## Assignment
Every line of the listing is returned unchanged, and every picture is dropped.

## Data excerpt
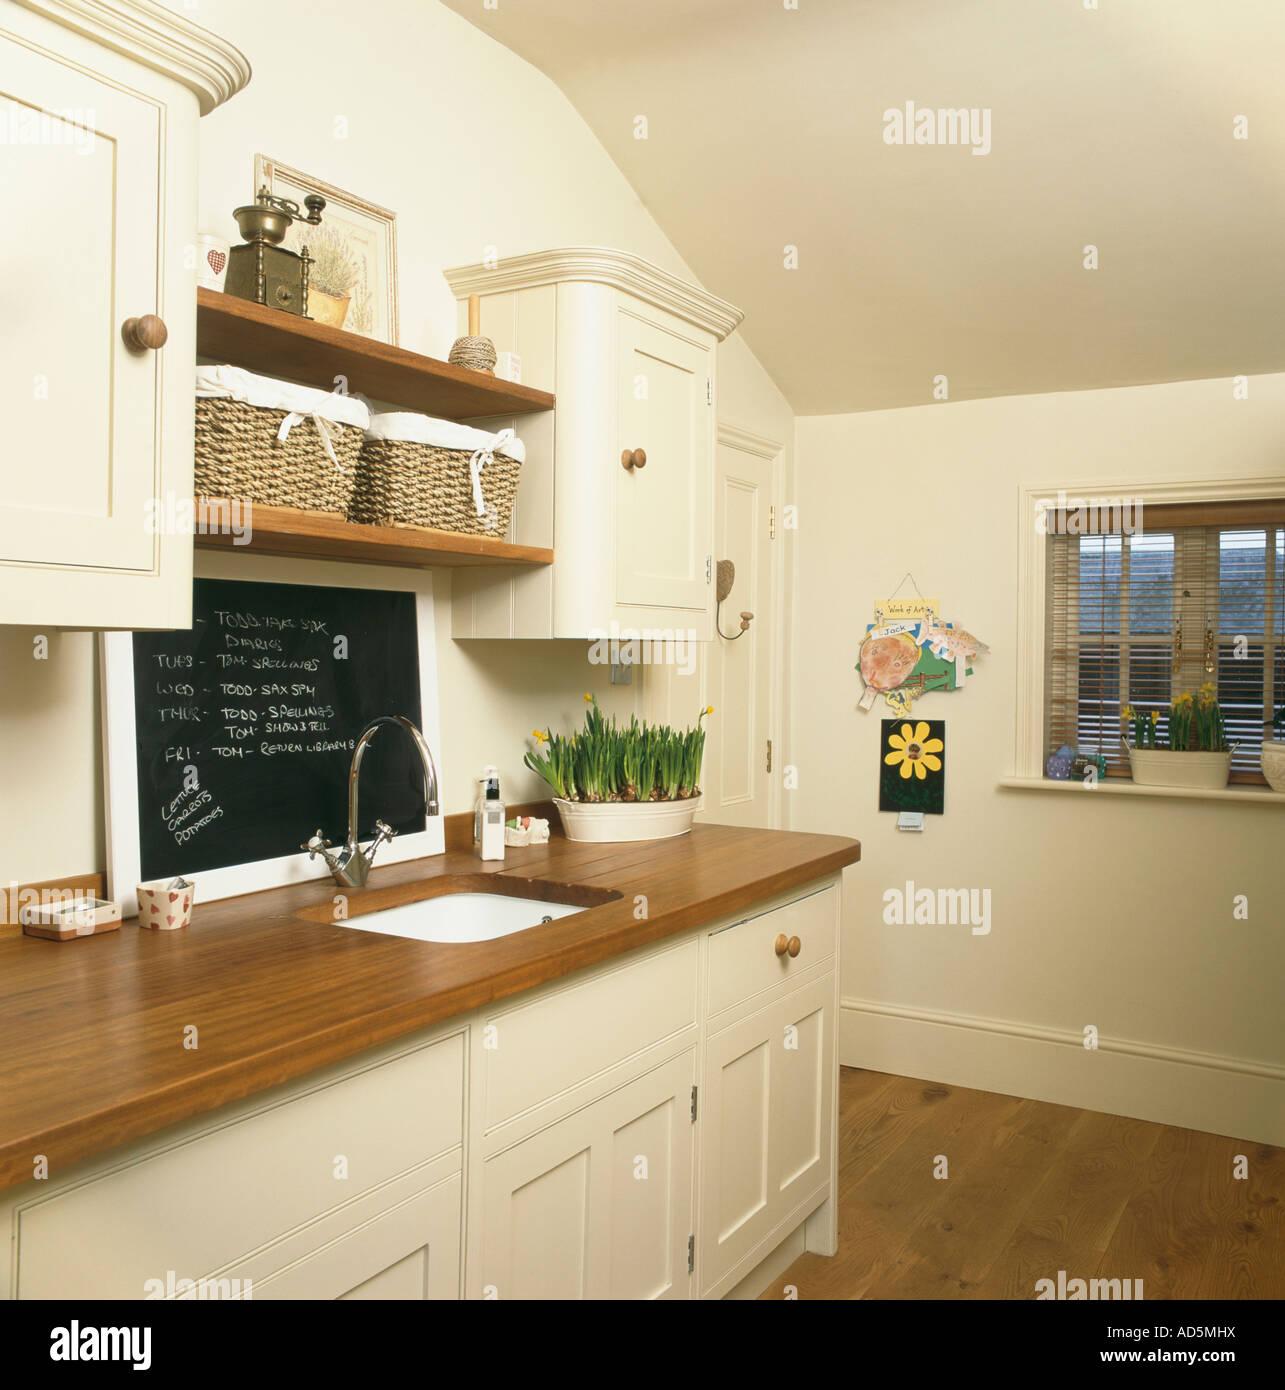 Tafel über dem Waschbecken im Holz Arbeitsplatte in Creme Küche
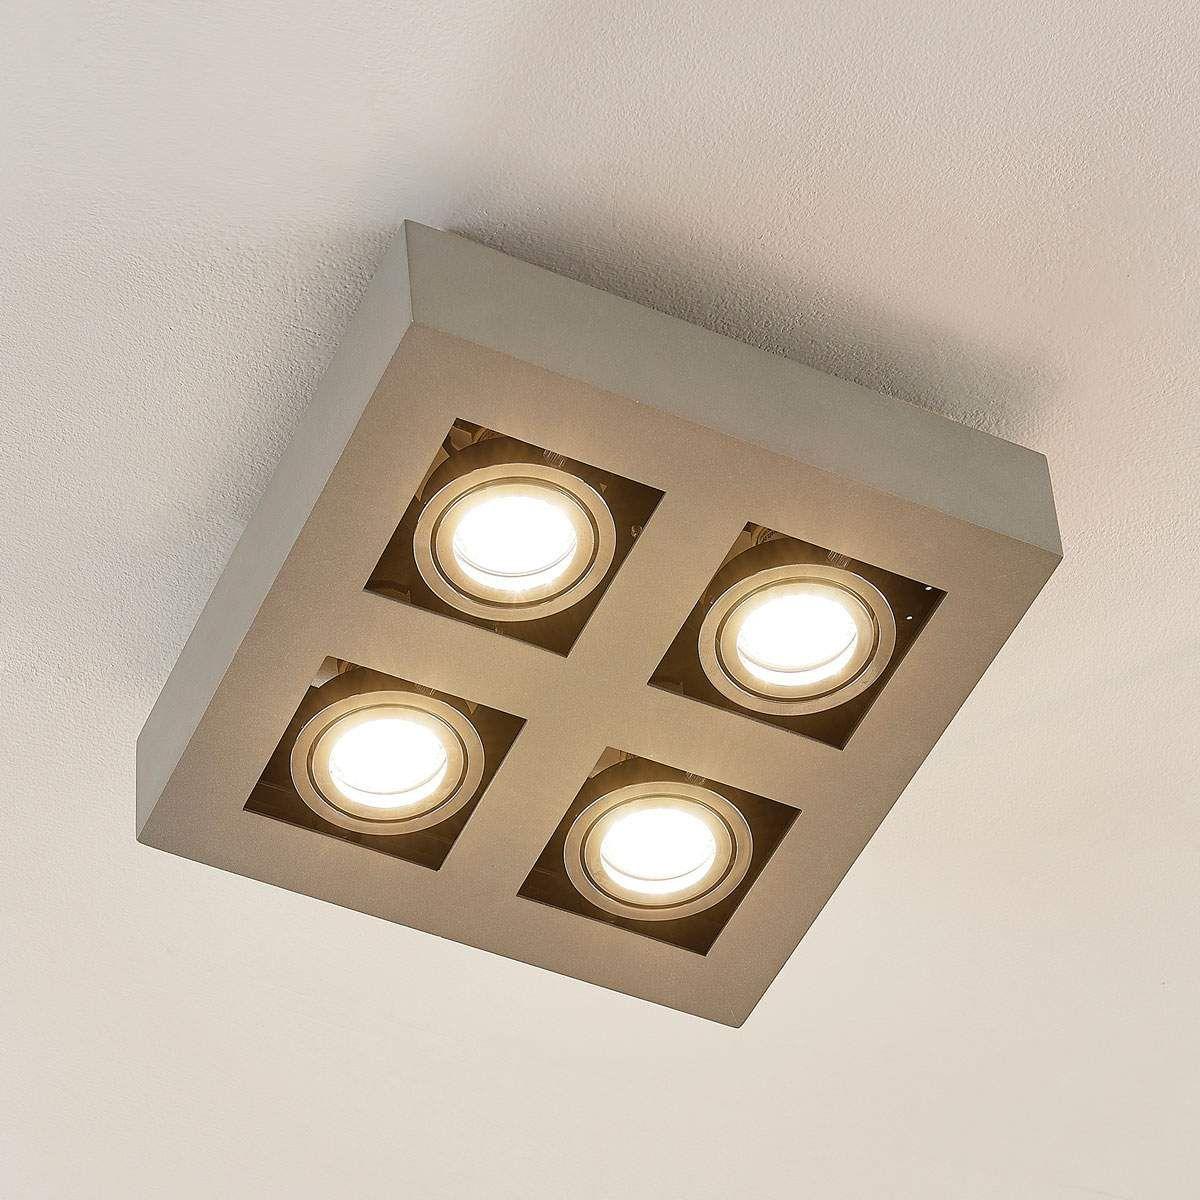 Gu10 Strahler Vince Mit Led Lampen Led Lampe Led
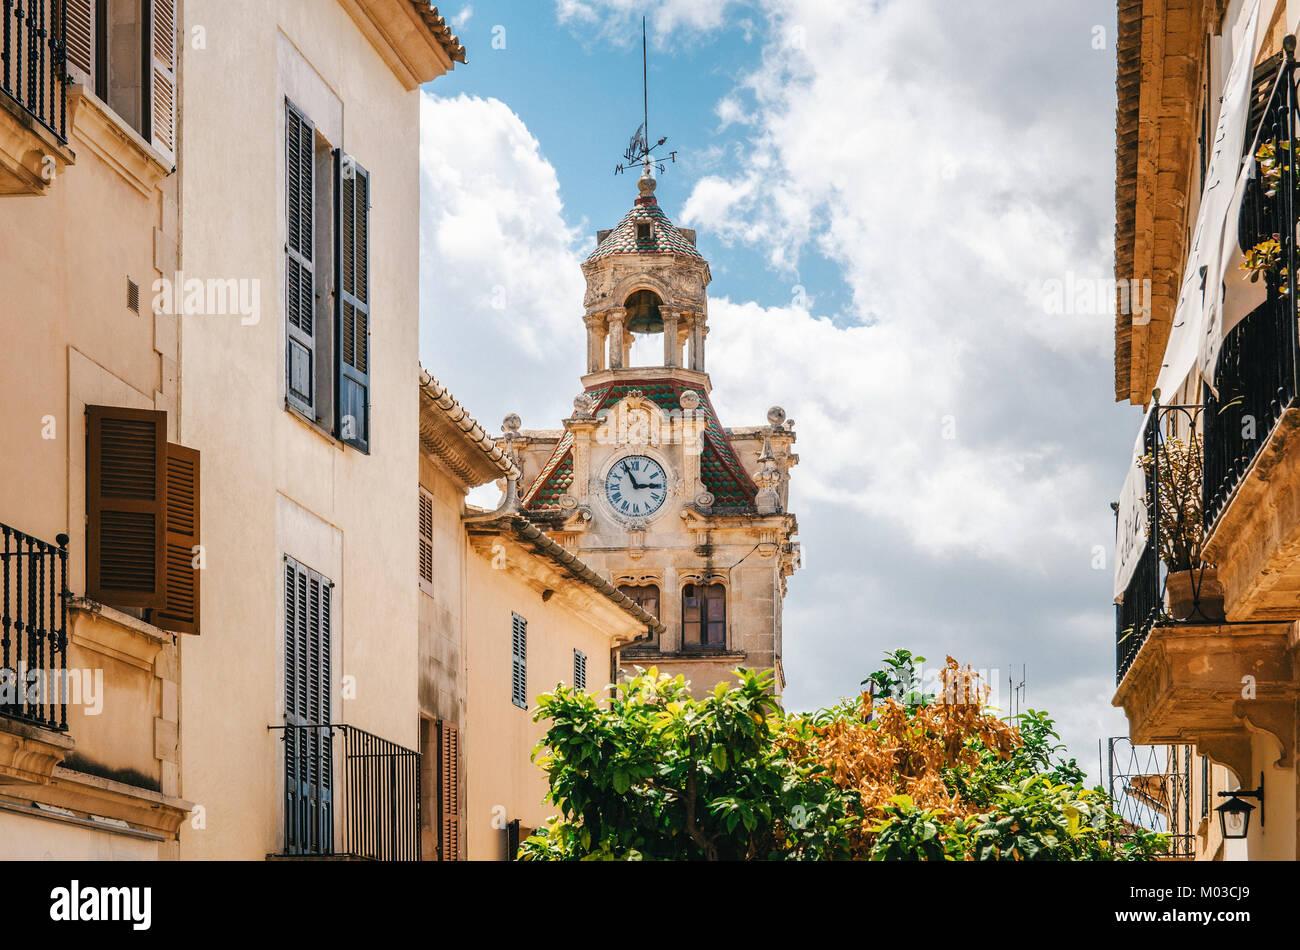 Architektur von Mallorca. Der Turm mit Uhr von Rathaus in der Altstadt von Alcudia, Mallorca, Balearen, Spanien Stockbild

## Answer area
 Tafel über dem Waschbecken im Holz Arbeitsplatte in Creme Küche
 Gu10 Strahler Vince Mit Led Lampen Led Lampe Led
 Architektur von Mallorca. Der Turm mit Uhr von Rathaus in der Altstadt von Alcudia, Mallorca, Balearen, Spanien Stockbild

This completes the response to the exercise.